Focusing in on the same set of F-values on the table (so 2 numerator df and 12 denominator df), we see that there 4 F-values - each corresponding to a different probability in the upper tail. The last value is 6.93 which is associated with an area to the right of 0.01. In other words, the probability of an F-value of 6.93 or more extreme under the null hypothesis is 0.01. Our test statistic is much larger than this value, so we can deduce that the p-value (the probability of observing our test statistic or more extreme under the null hypothesis) is smaller than 0.01.

In R

Critical value

This line of code gives us the critical F value for a significance value of 0.05.

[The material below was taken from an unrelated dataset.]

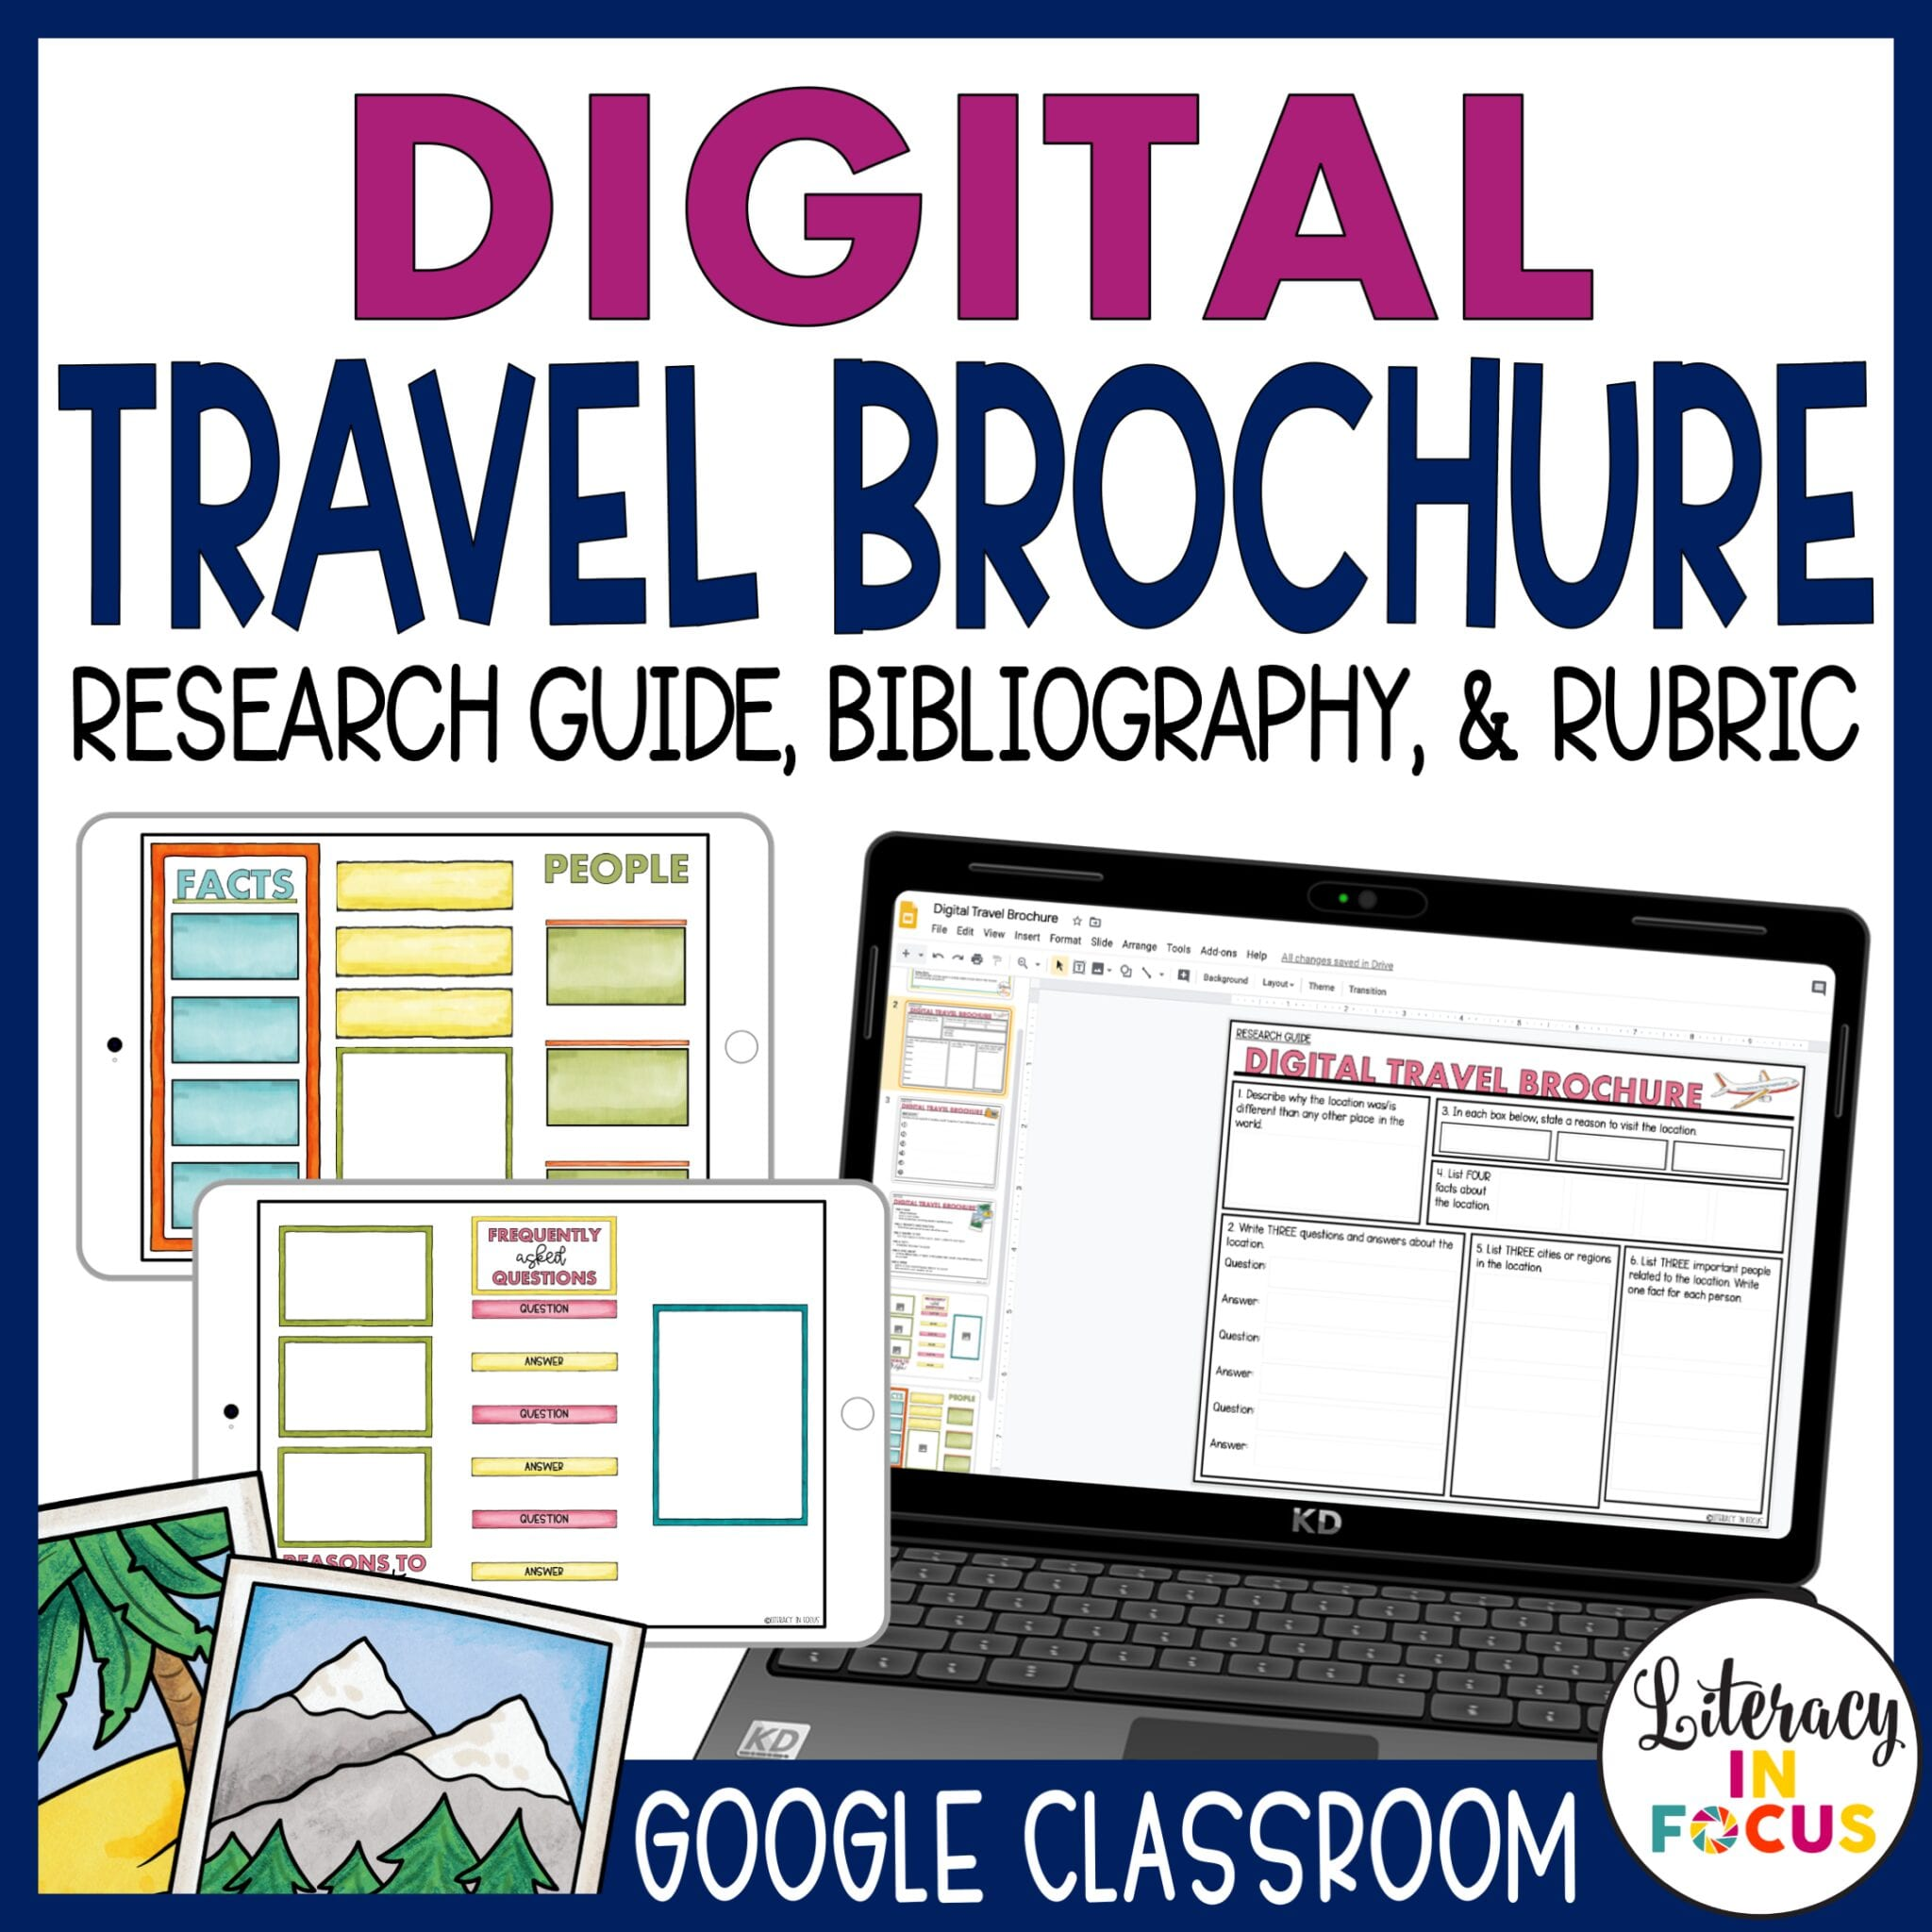 Digital Travel Brochure for Google Classroom

qf(0.05,2,12,lower.tail = FALSE)

[1] 3.885294

P-value

Using R we can get an exact p-value and we see that it is indeed smaller than 0.01.

pf(21.67, 2, 12, lower.tail = FALSE)

[1] 0.0001039567

19.7 Step 6: Interpretation

There is strong evidence against the null hypothesis of equal means (F = 21.67, p-value = 0.0001). We conclude that the treatment (study environment) did result in at least one different mean score between the different environments.

Remember, the alternative is not that all means are different. Only that there is a difference somewhere.